JCVD

Now Showing
On DVD 02/02/09
Director: Mabrouk El Mechri
Stars: Jean-Claude Van Damme, François Damiens, Zinedine Soualem
Year:  2008 Running Time:  92 mins Rating: 3 out of 5 Certificate 15
Trailer JCVD 3

Being John Malkovich, Pulp Fiction, and Run Lola Run meet Bloodsport in this entertaining oddity. Jean-Claude Van Damme stars as himself, beset by personal problems and discovering himself at the centre of a real life action movie when he walks into a bank robbery. Flexing his thesping pecs, the Muscles from Brussels proves he has more to offer than 360 degree kicks, and Mabrouk El Mechri’s inventive direction moves proceedings along faster than Bruce Lee’s one-inch-punch. Well, almost.

Review

Jean-Van Damme is unlikely to get a call from Quentin Tarantino or Spike Jonze any time soon.  

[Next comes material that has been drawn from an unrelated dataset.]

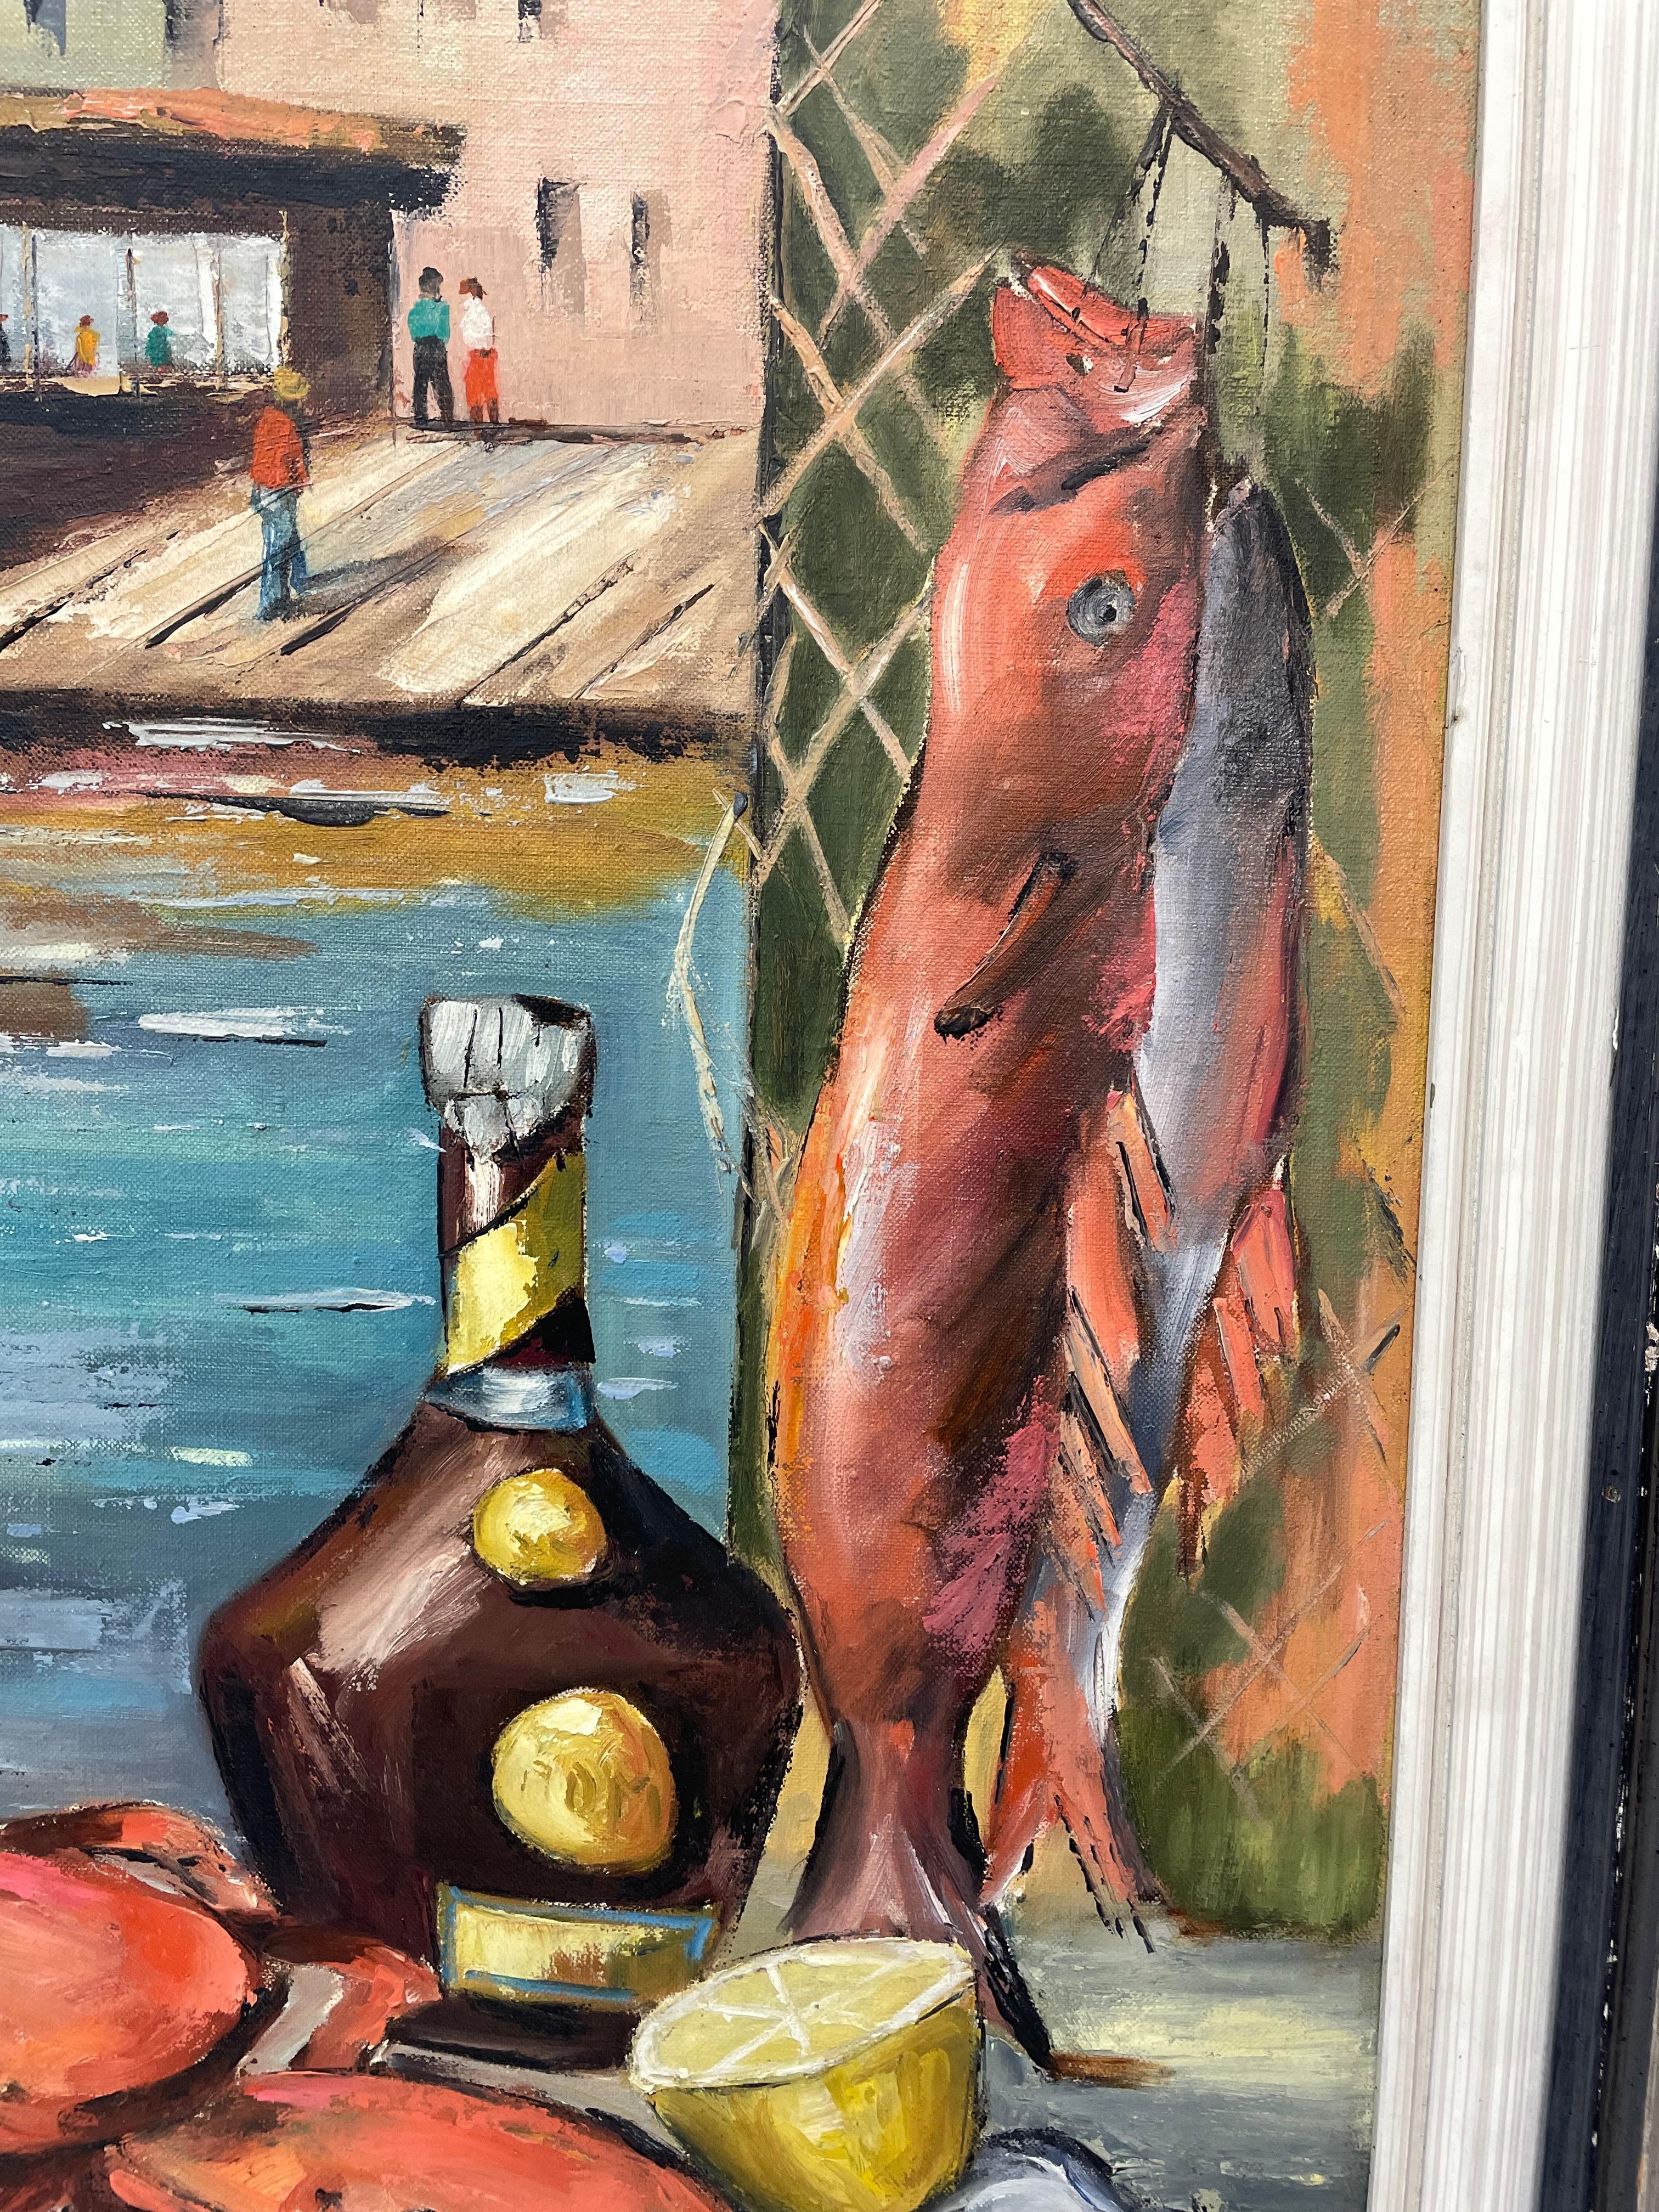 Fisherman’s Catch - Painting by Clifford Holmes

So, like any self-respecting can-do action star who conquered Hollywood’s straight to video market armed with no English but some fancy karate, Van Damme has created his own post-modern action movie.
 
And against the odds the late fortysomething star of such pizza-on-the-lap classics as Wake of Death, Maximum Risk and Sudden Death has pulled it off.
 
Despite sounding like a mutated variant of a sexually transmitted disease, JCVD is infectious for all the right reasons. 
 
A down on his luck Van Damme journeys back to Belgium in the wake of a messy custody battle to take stock of his failed marriage and sputtering career.
 
When an ATM refuses to cough up any cash, he unwittingly stumbles into the middle of a robbery. But, due to his personal troubles the police believe he’s done an OJ and held up the bank to meet alimony payments.
 
As the situation spirals out of control and bullets start flying, a media circus brings world attention to the beleaguered Belgian.

JCVD is indulgent, scattershot and requires prior knowledge of the Van Damme oeuvre – a running joke casts his Hard Target director John Woo in a poor light. 

But, rather than a one-note vanity project, this takes ego-free pot-shots at the vagaries of fame (JC loses a lead role because “Steven Seagal agreed to cut off his ponytail”), and turns a standard action movie set-up into a taut hostage thriller, the self-proclaimed “Fred Astaire of karate” barely permitted to bust any moves.
 
Although it’s likely Jean-Claude himself scaled back the martial arts to prove he can handle a more-or-less straight role, even allowing himself a centrepiece seven minute to-camera monologue.
 
Self-aggrandising, self-deprecating, part-confessional, this scene veers between laughable and riveting, but the Belgian commands attention throughout.
 
An impressive opening three minute single-take scene as Jean Claude lays Van Damage on central casting goons should satiate action junkies, and we learn his real name is Van Varenberg.

JCVD is unlikely to win an Oscar, but we say roll on Universal Soldier: The Next Generation (due out 2009/10).